Few-shot dataset JSONL

podcast rss-examples and podcast cms-examples write JSONL files where each line is a JSON object. The format uses version: 1 for the current schema.

Shared fields

  • version (int): schema version, currently 1.

  • source (string): rss or cms.

  • example_id (string): stable id prefixed by the source, for example rss_<hash> or cms_<hash>.

  • input (string): prompt input text containing Title: ... and optional Summary: ....

  • output (string): normalized HTML used for few-shot prompting.

  • title (string): episode title.

  • summary (string or null): episode summary.

  • link (string or null): public episode URL.

  • published (string or null): publication timestamp as provided by the source.

RSS-only fields

  • description_html (string): normalized HTML from the RSS <description> or <content:encoded> tag.

  • guid (string or null): RSS GUID.

  • feed_url (string): RSS feed URL used to fetch the data.

CMS-only fields

  • description_html (string or null): normalized HTML from the CMS description field.

  • shownotes_html (string or null): normalized HTML from the CMS shownotes field.

  • tags (list of strings): tags or categories for the episode.

  • slug (string or null): page slug.

  • page_id (string or null): CMS page id.

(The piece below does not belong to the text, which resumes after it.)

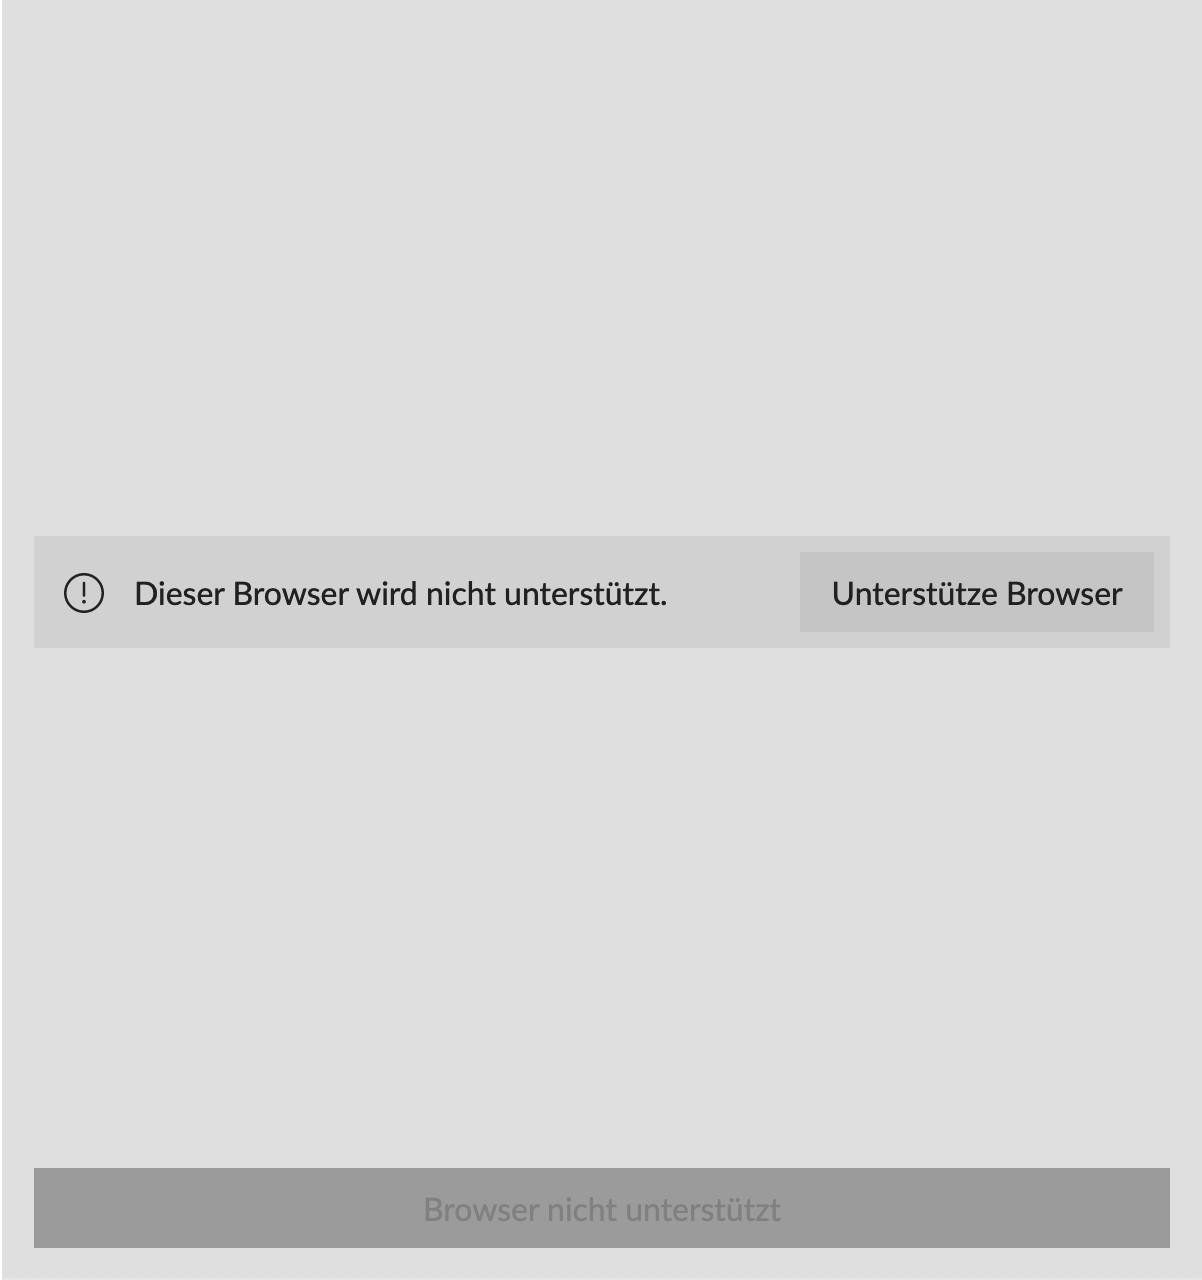 Browser nicht unterstützt

  • api_url (string): API URL used to fetch the data.

Example record

{"api_url":"https://example.com/api/v2/pages/?type=podcast.EpisodePage","description_html":null,"example_id":"cms_ab12cd34ef56","input":"Title: Episode Title\nSummary: Short summary.","link":"https://example.com/episodes/episode-title/","output":"<p>Show notes</p>","page_id":"123","published":"2024-05-01T10:00:00Z","shownotes_html":"<p>Show notes</p>","slug":"episode-title","source":"cms","summary":"Short summary.","tags":["automation","podcasting"],"title":"Episode Title","version":1}